Your instructions
Carry none of the pictures over; write out the complete data exactly.

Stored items
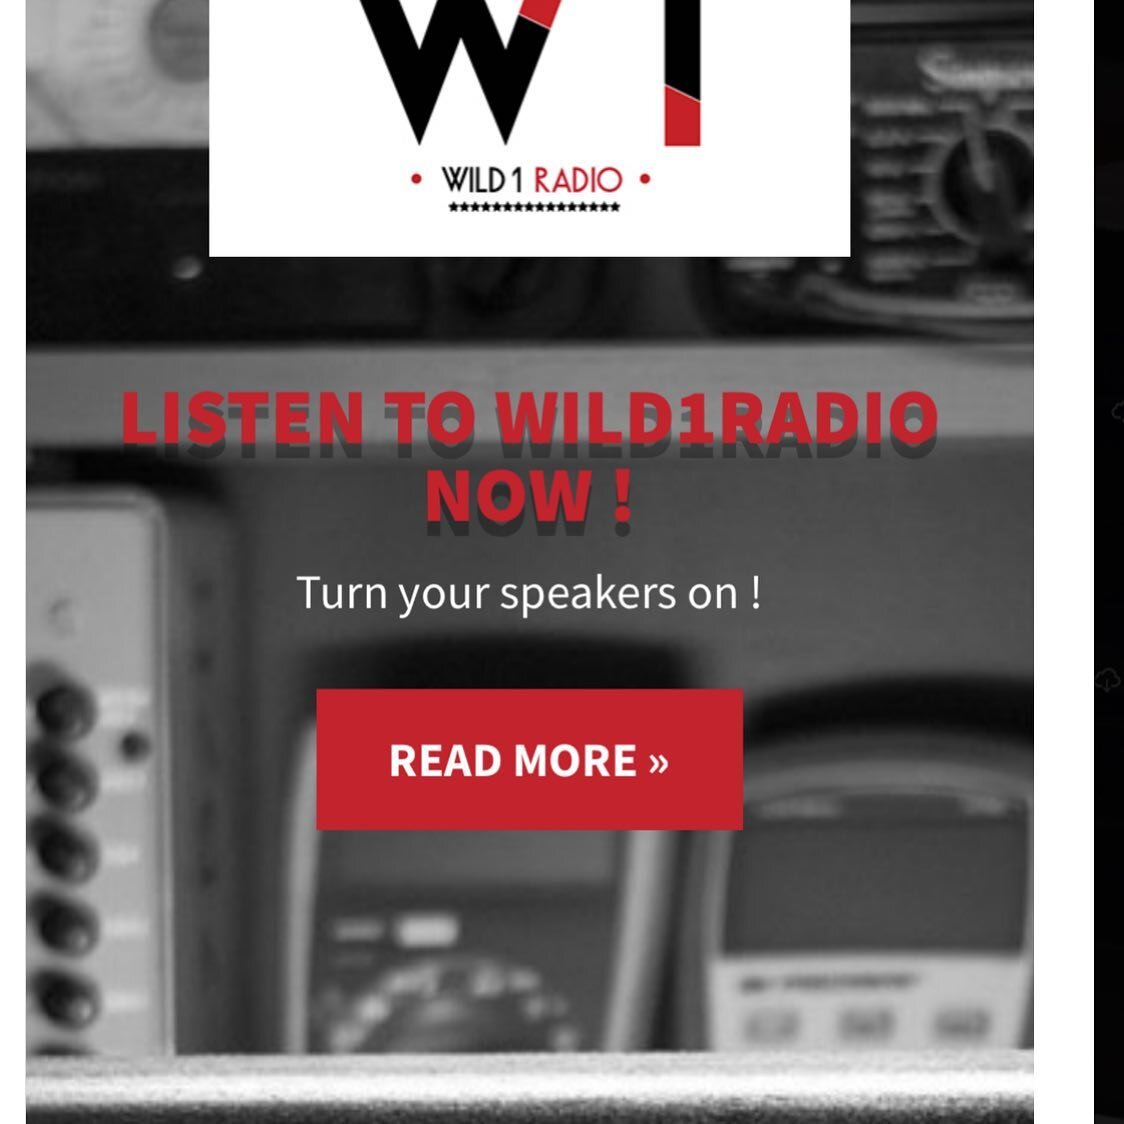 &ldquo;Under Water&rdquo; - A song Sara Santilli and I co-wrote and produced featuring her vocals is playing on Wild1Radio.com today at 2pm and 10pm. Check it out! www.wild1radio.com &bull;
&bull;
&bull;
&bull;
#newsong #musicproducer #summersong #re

Answer to this problem
 &ldquo;Under Water&rdquo; - A song Sara Santilli and I co-wrote and produced featuring her vocals is playing on Wild1Radio.com today at 2pm and 10pm. Check it out! www.wild1radio.com &bull;
&bull;
&bull;
&bull;
#newsong #musicproducer #summersong #re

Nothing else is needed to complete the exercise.